Curl

Curl is a tool for downloading files off of the internet. Sometimes it is used as part of software installation instructions. Curl can also be used to perform basic reconnaissance such as banner grabbing to determine server software versions.

Learning Objectives

You should be able to:

Use curl to download files off of the internet
Use curl for banner grabbing

Video Walkthrough

Use this video to follow along with the steps in this lab.

Curl for Downloading

Connect to your Linux terminal.
Run the following command to ensure that you are in your home directory.

cd ~

Run the following command to make a new temporary directory called dl (download).

mkdir dl

Run the following command to change directories to the new dl directory.

cd dl

Run the following curl command to download google.com's web page.

curl google.com

Note the contents. Some of the text is human readable. You will see the hypertext markup language (HTML) that describes how the page should be displayed.

Curl download of google.com

Notice that the web page says "The document has moved." Google wants to send us to www.google.com instead of letting us access google.com (without the www at the beginning).
Run the following command to display www.google.com in the terminal.

curl www.google.com

Notice that the web page is much more complete. But there is an issue. The contents are too large to display on one terminal screen.
Run the following command to display the contents page by page by piping the output into the more command.
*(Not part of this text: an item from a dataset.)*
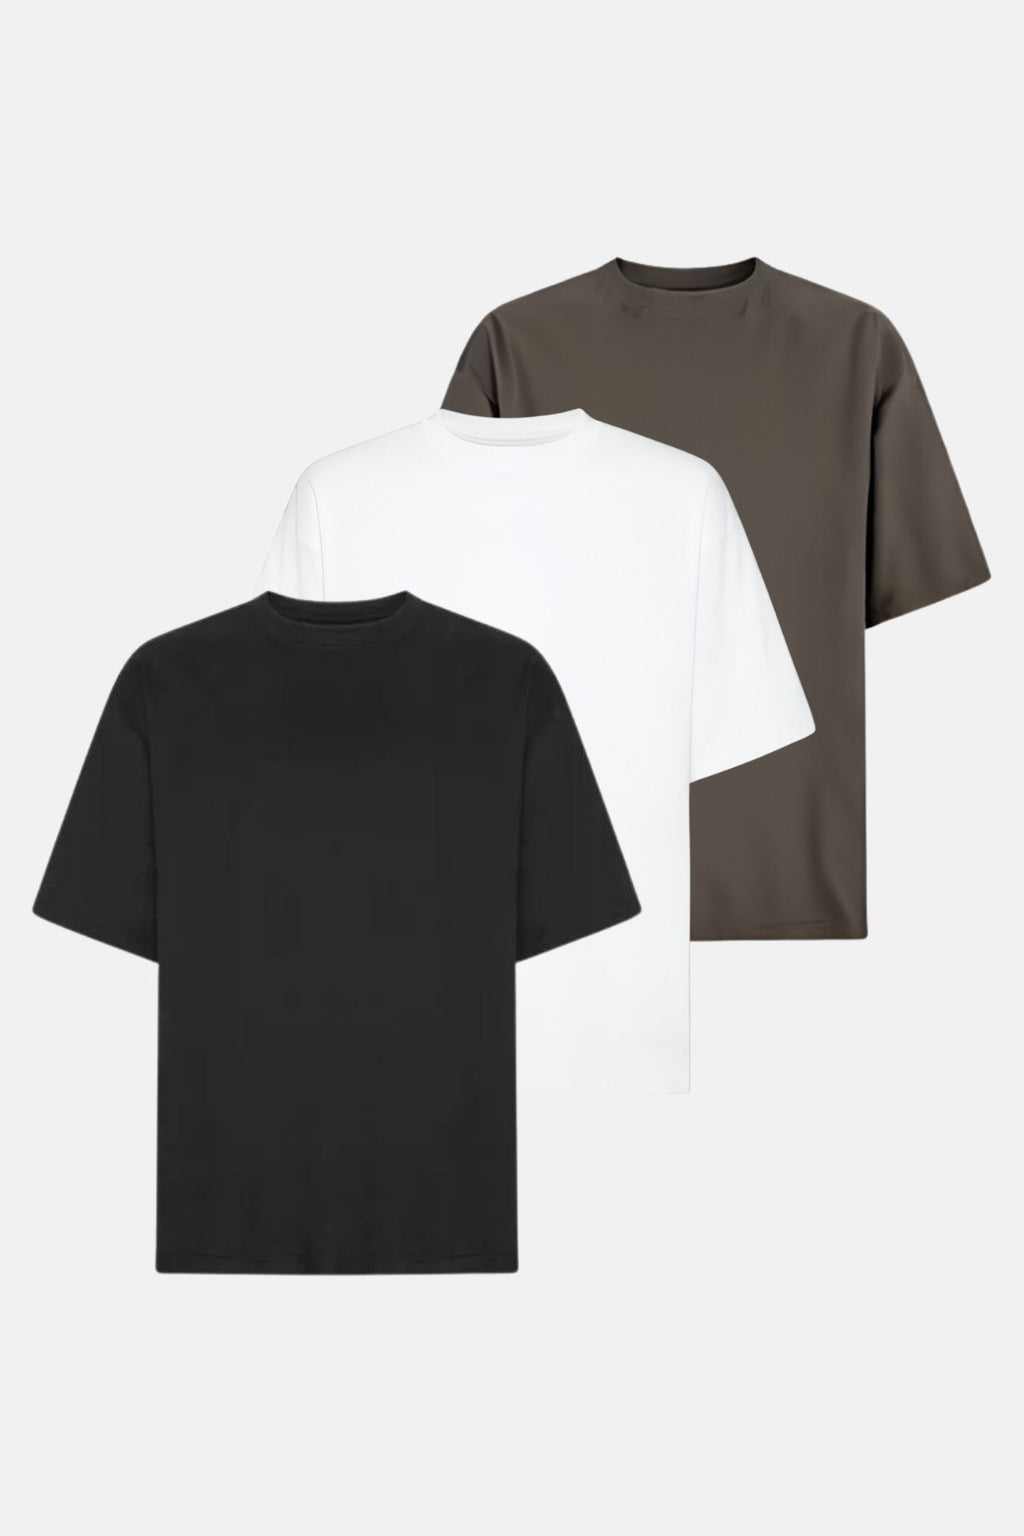 Boxfit T-shirt - Package Deal (3 pcs.)

curl www.google.com | more

Press enter to move down line by line, or the space bar to move down page by page.
The less command is a more advanced version of more. Try it out.

curl www.google.com | less

You can use the arrow keys to move up and down. Or use enter or enter to go down line by line. Space bar will page through the content.
You can search the same way you would in vim. For example, type /goo and press enter to find instances of goo in the content.
Run ls to show that no files were created. Curl just displayed the web page in the browser.
Run the following command to download google.com to a file.

curl -o google.html www.google.com

The -o option tells curl to output the download to the file google.html.
You can display the file in the terminal with cat. Though unless you are familiar with HTML and JavaScript, it will be difficult to read.

cat google.html

Banner grabbing is the act of requesting information from a server to discover information about the server's configuration. Ethical hackers (and malicious hackers) use banner grabbing in the reconnaissance phase of an attack. Curl can be used to gather some basic information about the server.

In the terminal, run the following command. The -I switch loads the HTTP headers (the stuff that your web browser hides from you because it is not necessary for rendering a web page.)

curl -I google.com

One of the most useful pieces of information is that google.com is running the "gws" web server. This is a custom web server built by Google and run in-house.

Challenge

Determine what web servers the following website use:
- microsoft.com
- apple.com
- cnn.com
- foxnews.com
Download your school's web page to a local file on your computer. Open the file in a web browser.
wget is another tool used to download files from the internet. Search online for differences between the two commands. Test then in the Linux terminal.

Reflection

Why would it be useful to download files from a command-line interface?
Should companies try to hide the technologies they use? I.e., should they try to block banner grabbing?

Key Terms

Banner Grabbing: A technique used to gather information about a computer system or network service by capturing and analyzing the banners that are returned by services during connection attempts. Banners often contain details such as the software version and operating system, which can be useful for network reconnaissance and vulnerability assessment.
curl (Linux): A command-line tool used to transfer data to or from a server using various protocols, including HTTP, HTTPS, FTP, and more. curl is widely used for downloading files, testing APIs, and performing network requests. It is known for its versatility and ability to handle complex tasks such as authentication, proxy support, and data manipulation.